We offer competitive compensation and benefits, including:
- 403B Retirement Plan
- Paid Time Off for eligible staff
- Dental, Vision, and Life Insurance for qualifying employees
- Medical benefits for those working 60 hours or more bi-weekly
- Continuing Education and Tuition Reimbursement Programs
Key Responsibilities:
The Care Coordinator's duties include, but are not limited to:
- Facilitating the admission process, conducting assessments, and orienting residents upon their arrival.
- Coordinating care plans in compliance with regulatory standards.
- Ensuring that essential resources are accessible to residents and that care is delivered to high standards.
- Collaborating with nursing staff on clinical admission tasks and maintaining accurate electronic medical records.
- Conducting daily rounds and engaging with nursing staff and social services to review clinical records and care plans.
- Monitoring resident adjustment and treatment responses, reporting findings to the interdisciplinary team as necessary.
- Initiating discharge planning upon admission and coordinating care plans with the interdisciplinary team.
- Organizing discharge care conferences within 72 hours of admission.
- Facilitating resident and family education and coordinating follow-up care in collaboration with nursing staff and social services.
- Participating in telehealth visits and coordinating schedules with the Unit Secretary and Social Services.
- Collecting and analyzing outcome data, including readmission rates, to ensure quality care standards are met.

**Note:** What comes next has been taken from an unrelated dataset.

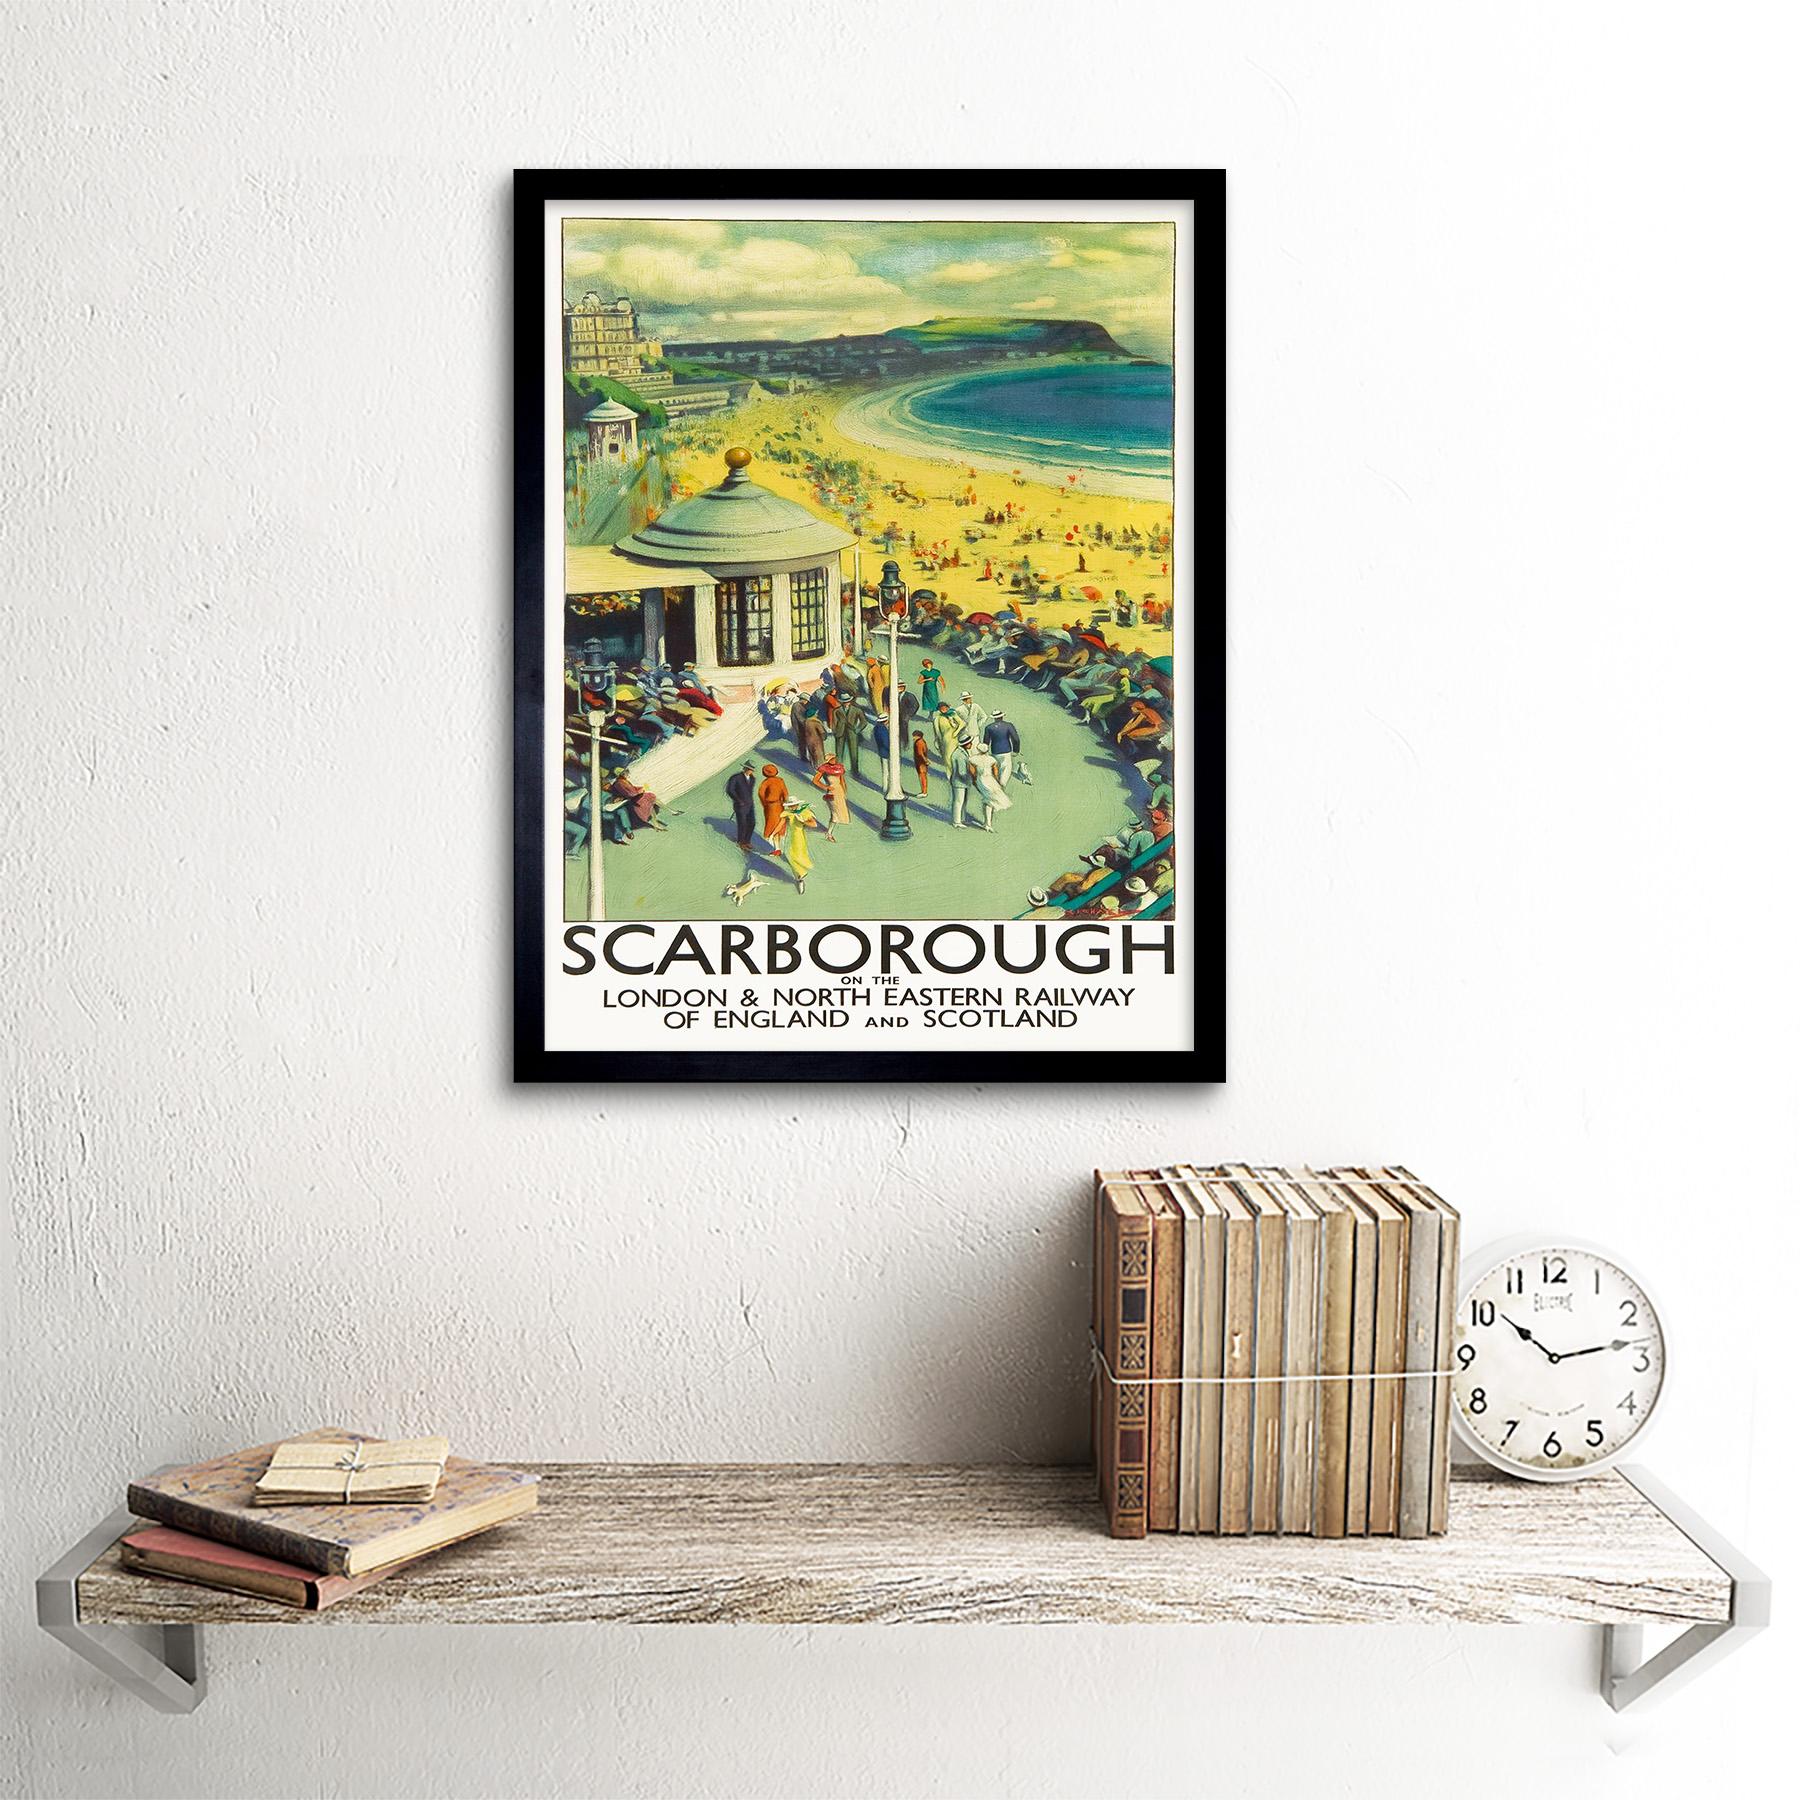 Travel Tourism Scarborough Beach Resort Yorkshire Uk 12X16 Inch Framed Art Print

- Conducting comprehensive chart reviews for readmitted patients and assisting with staff education.
- Coordinating education on disease management and medication management at discharge.
- Facilitating community reintegration with social services and healthcare partners.
- Acting as a liaison among patients, physicians, and family members regarding care transitions.
- Engaging in ongoing education and participating in staff orientation and development programs.
- Performing additional duties as assigned, including responding to emergencies and assisting as a floor nurse when directed.
Decision-Making:
This role requires independent decision-making regarding resident care assignments, daily activities, and documentation.
Collaboration:
Significant interaction with various departments, healthcare providers, residents, and their families is essential.
Essential Knowledge and Skills:
Candidates should possess:
- Knowledge of current nursing practices and applicable regulations.
- Ability to provide skilled nursing care and communicate effectively.
- Capacity to meet the physical, sensory, and cognitive demands of the role.
Qualifications:
Applicants must have:
- Graduation from an accredited nursing program and valid RN licensure in Wisconsin.
- A valid Wisconsin driver's license.
- Preferred experience in Long Term Care or as a Nurse Care Coordinator.
- Familiarity with Wisconsin regulations and Medicare requirements is advantageous.
- Ability to work collaboratively in a team-oriented environment.
- Strong independent judgment and decision-making skills.